CML - Diagnosis
Diagnosing CML usually involves a series of blood and bone marrow tests. After your doctor takes samples of your blood and bone marrow, a hematopathologist, a specialist who studies blood cell diseases, confirms the diagnosis and identifies your CML phase.
When examining your blood and bone marrow cells, your hematopathologist will confirm the CML diagnosis by the presence of the Philadelphia (Ph) chromosome and the number of cells with the BCR-ABL oncogene. BCR-ABL oncogene is a mutated gene that tells your cancer cells to make a specific type of protein that leads to CML.
Tests your doctor may use to diagnose CML are blood tests, bone marrow tests, cytogenetic analysis, fluorescence in situ hybridization (FISH) or polymerase chain reaction (PCR). If you are diagnosed with CML, you will then undergo blood and bone marrow tests during therapy to measure your treatment response.
In order to make a CML diagnosis, your blood work will need to be sent to a lab for testing.
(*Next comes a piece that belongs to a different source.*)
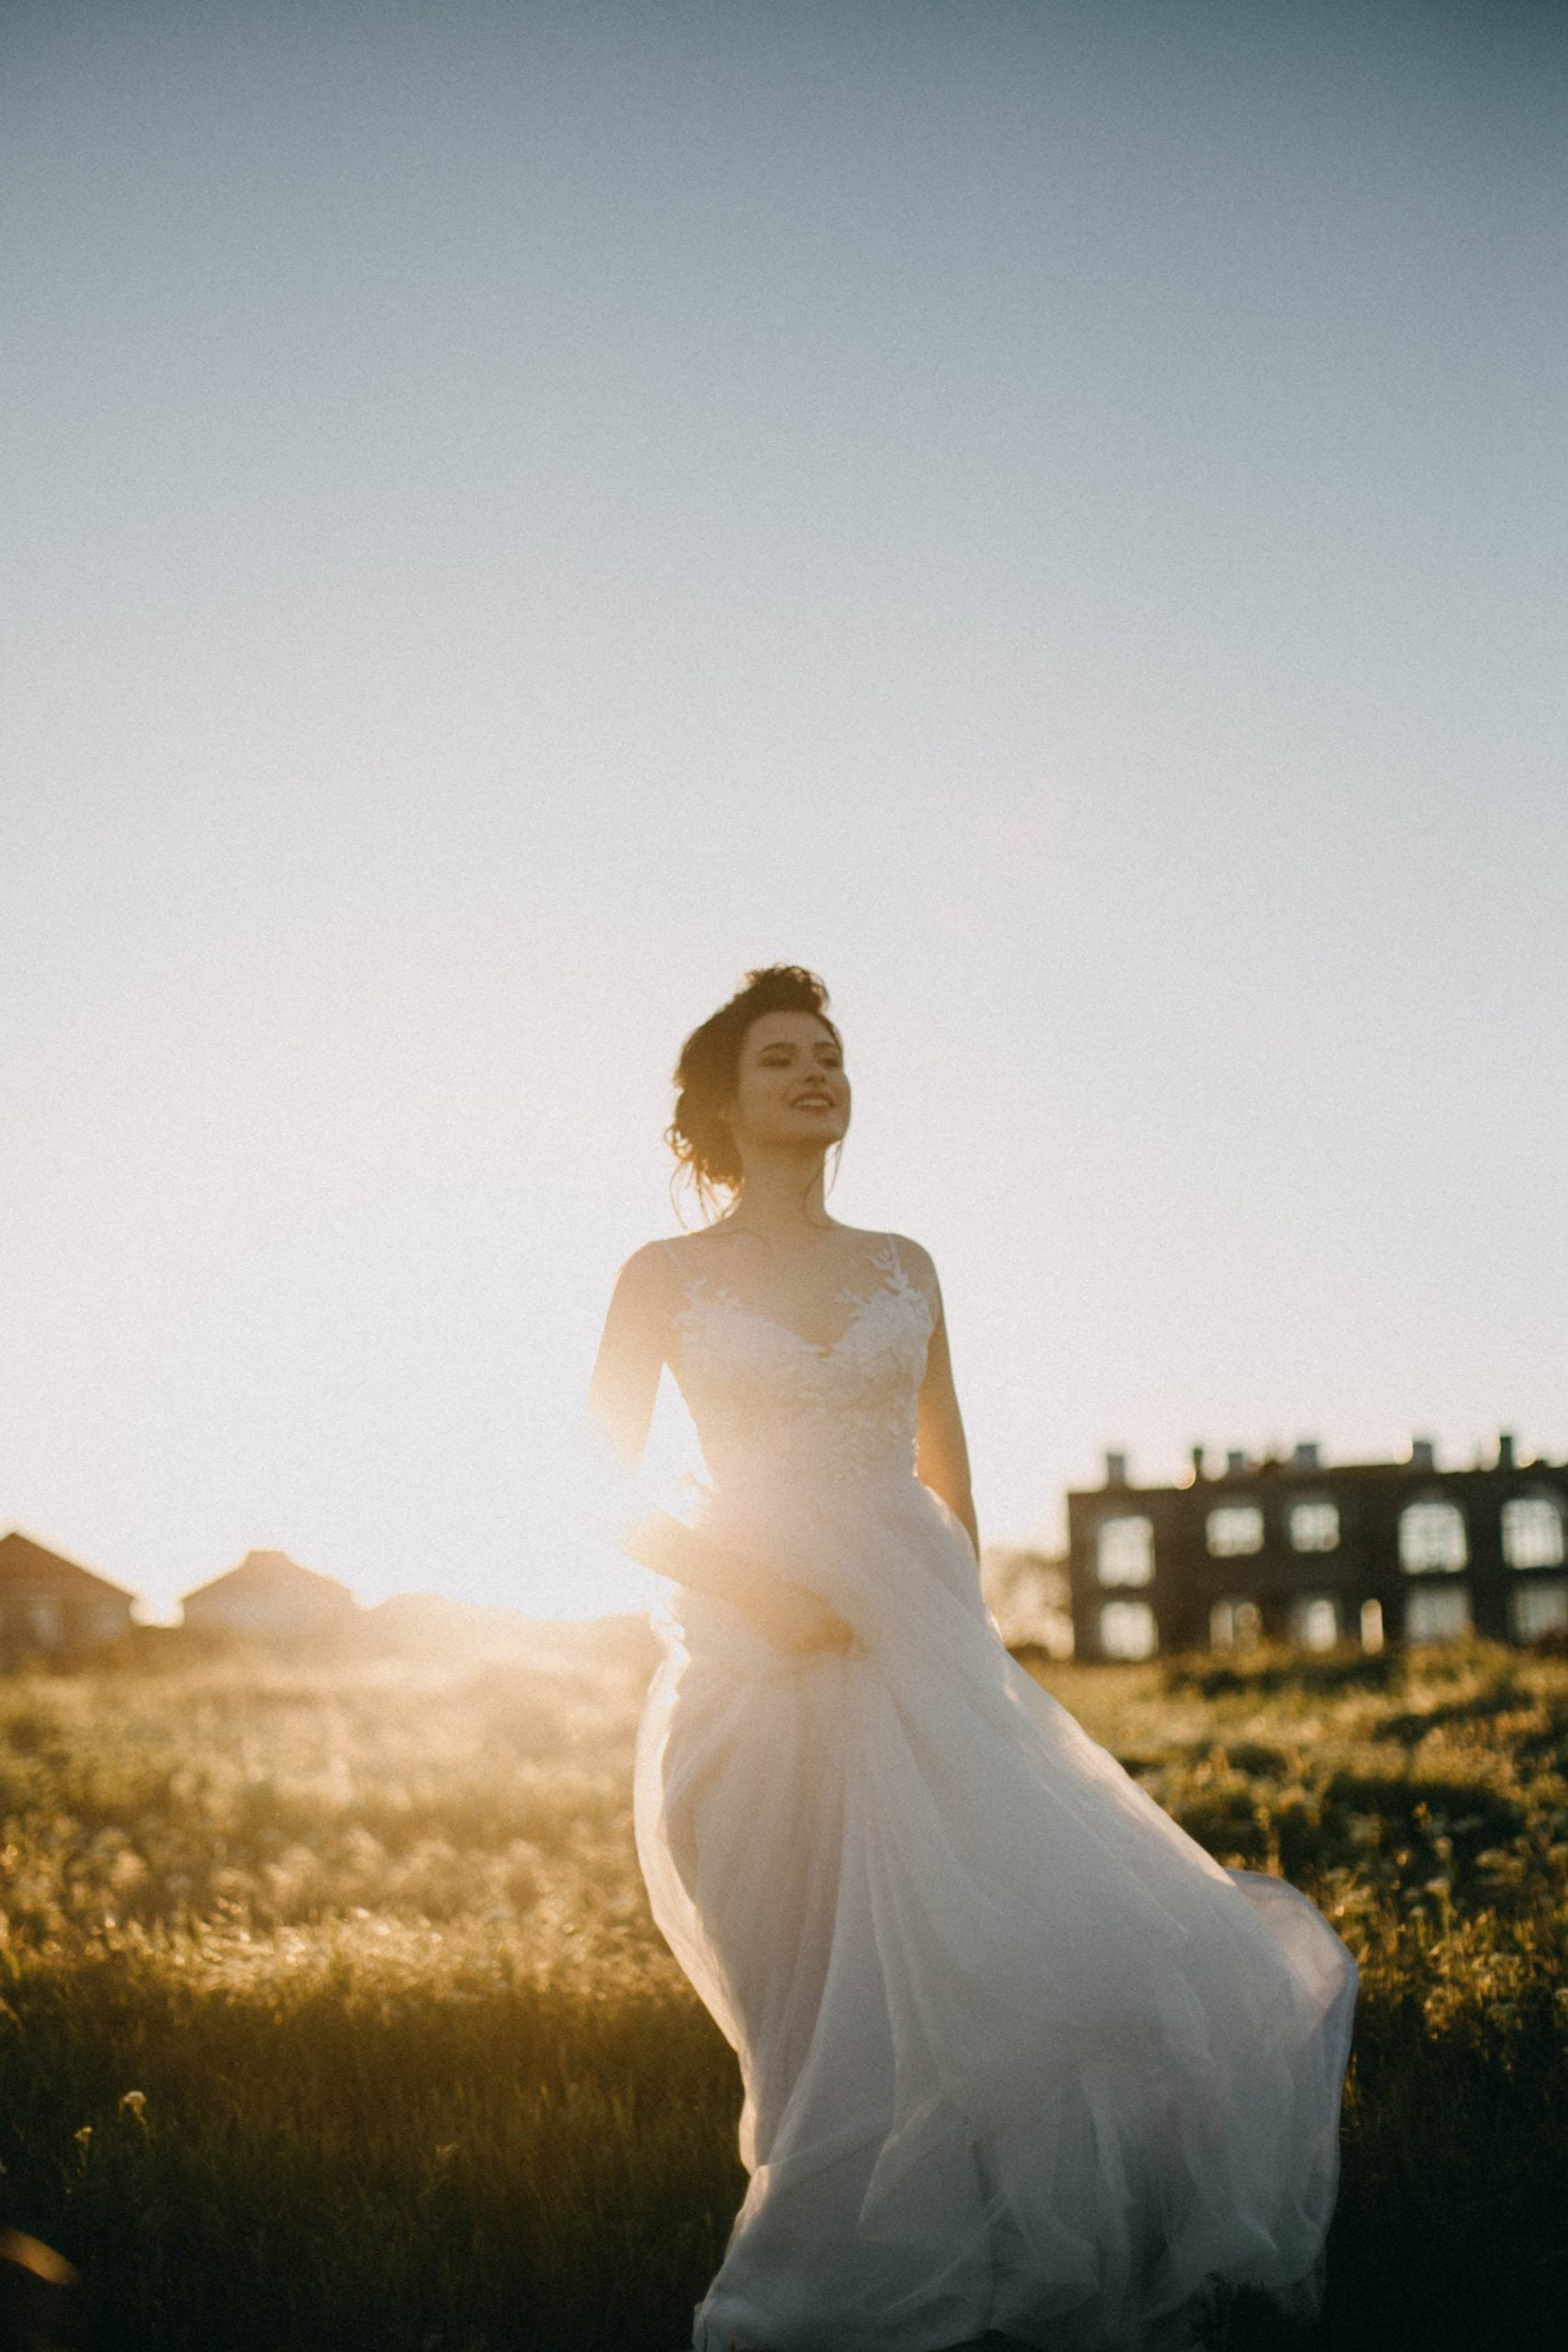 A beautiful bride with a white gown and veil stands outside on a sunny and windy day, smiling happily.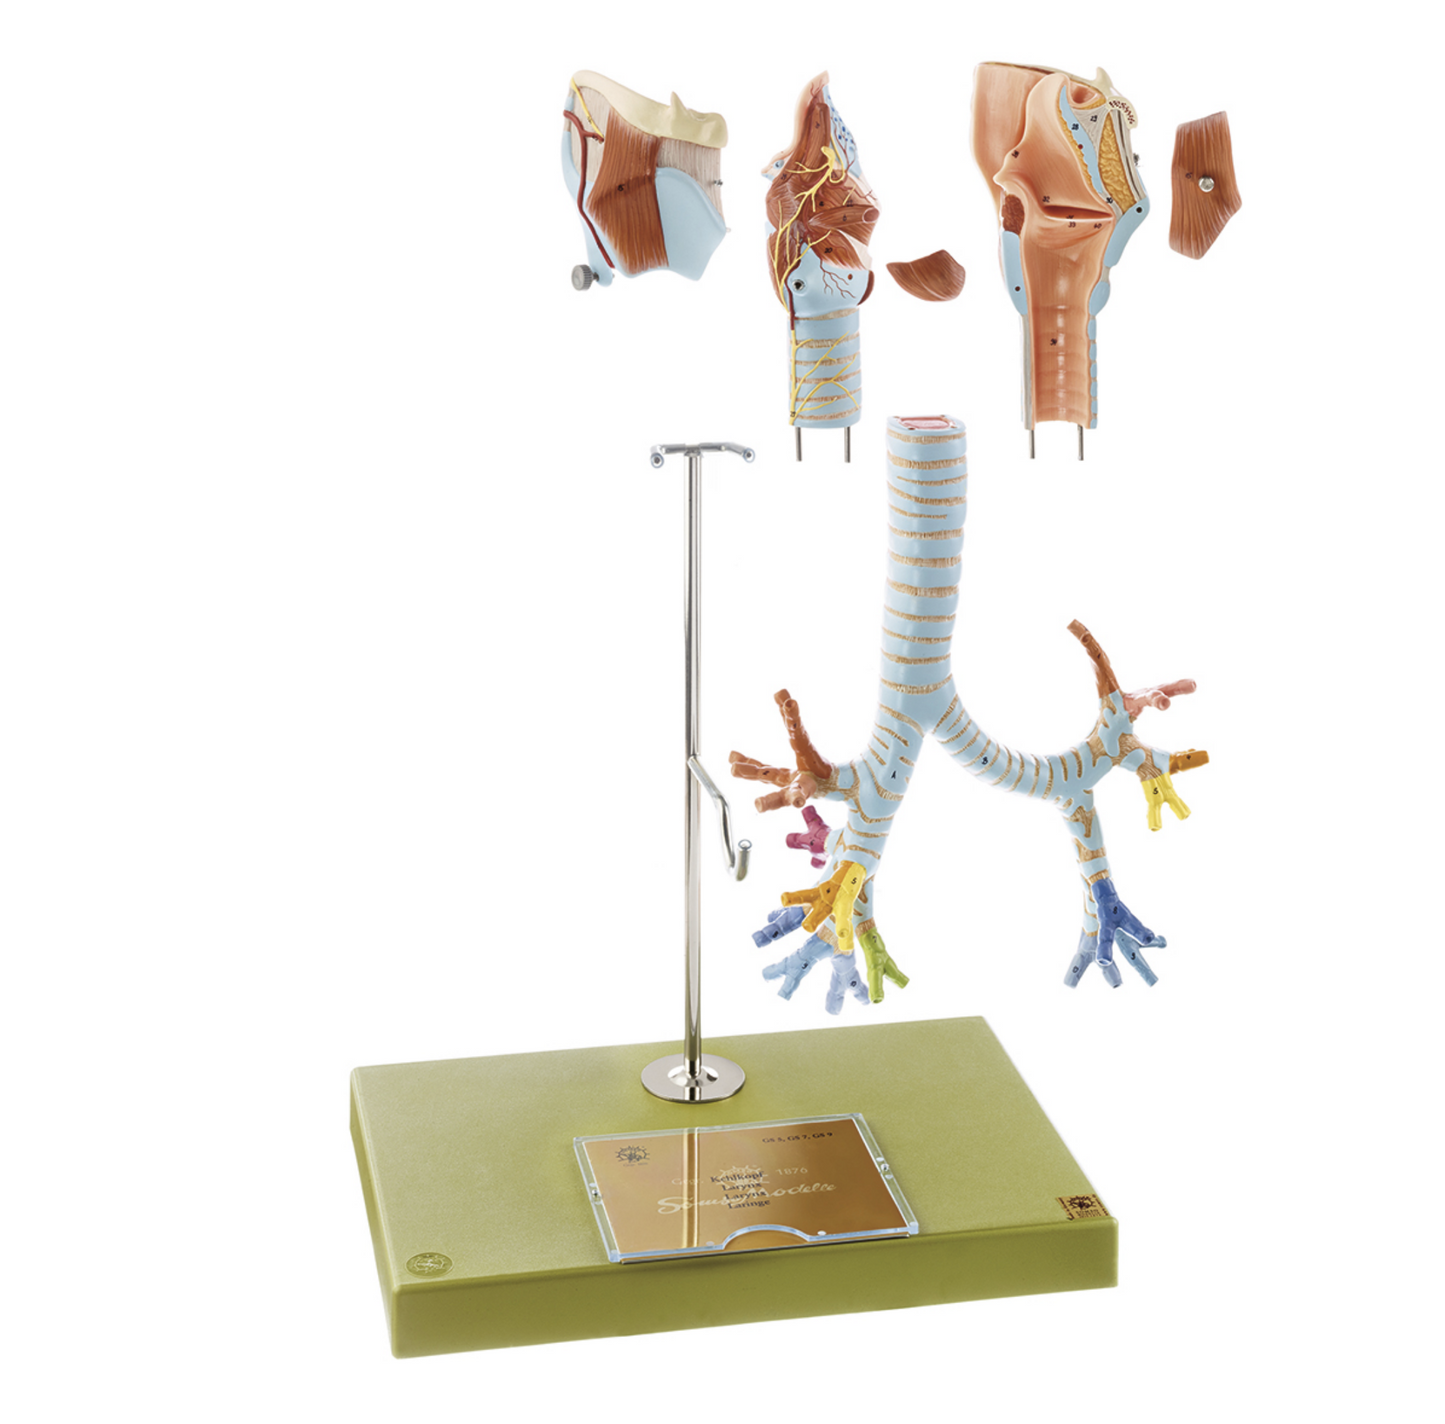 Anatomical model of the larynx with trachea and main bronchi

Doctors at the testing facility will do a complete blood count (CBC), which shows the number of red cells, white cells and platelets in the blood. If you do have CML, you will have a lower-than-normal number of red cells, an abnormal number of platelets and a high number of white cells.
In addition to this, the doctor will do a blood cell examination, which shows whether you have leukemic blast cells and marrow cells in your blood. If you have CML, there will be a high proportion of white cells called myelocytes and neutrophils.
Bone marrow testing involves two steps usually done at the same time: a bone marrow aspiration to remove a liquid marrow sample and a bone marrow biopsy to remove a small amount of bone filled with marrow.
These tests measure the number and structure of the chromosomes, confirm blood test findings and determine if there is a chromosome abnormality, such as the Ph chromosome.
A cytogenetic analysis test identifies certain changes in chromosomes and genes. For the test, your hematopathologist will look at how your chromosomes are mapped, called a karyotype. If your doctor detects the Ph chromosome on the karyotype and other tests show a high white cell count, the CML diagnosis is confirmed.
FISH is a sensitive test that can detect BCR-ABL by using fluorescent dyes. A standard cytogenetic analysis can detect the Ph chromosome in about 90 percent of CML patients. Some patients show no evidence of the Ph chromosome during basic cytogenetic testing, but the FISH test may detect the presence of the abnormal BCR-ABL gene.
This test is used to diagnose CML and to track response to therapy once treatment has begun and can be performed with either blood or bone marrow cells. It is an extra-sensitive test that can detect and measure BCR-ABL oncogenes not found by other tests, such as FISH. PCR allows a more sensitive follow-up of patients in remission and can help determine whether additional treatment is needed.
The phase of your chronic myeloid leukemia (CML) plays a large part in determining the type of treatment you'll receive. CML has three phases: chronic phase, accelerated phase and blast crisis phase.
Each phase describes CML's progression, determined by the number of blast cells (white cells that don't fully form as they should, blocking production of functioning blood cells) in the blood and bone marrow.
Most patients are diagnosed during CML's chronic phase when symptoms are mild or not noticeable. During this phase, your white cells can still fight infection and long-term drug therapy is used to control your CML. Once treatment has started, patients can usually return to normal activities.
A small number of patients diagnosed and treated during the chronic phase progress to the accelerated phase.
If you're diagnosed during accelerated phase CML, you may have:
- A lower-than-normal number of red cells
- A lower-than-normal number of platelets
- An increase or decrease in white cells
- A high number of blast cells in the blood and bone marrow
- A swollen spleen, which can cause stomach discomfort
- A general feeling of ill health
If you're diagnosed in CML's blast crisis phase, you usually have an increased number of blast cells in your bone marrow and blood. In addition, blast crisis phase patients also have a lower-than-normal number of red cells and platelets.
In this phase, it is common to experience infection, bleeding, a lack of energy or feelings of tiredness, shortness of breath, stomach pain or bone pain.
Once CML reaches this more severe, advanced phase, its effects on patients are similar to those caused by an acute leukemia and can be life-threatening. In about 25 percent of people, the transformation in the blast crisis takes on the appearance of acute lymphoblastic leukemia (ALL), while in the majority it takes on the appearance of acute myeloid leukemia (AML).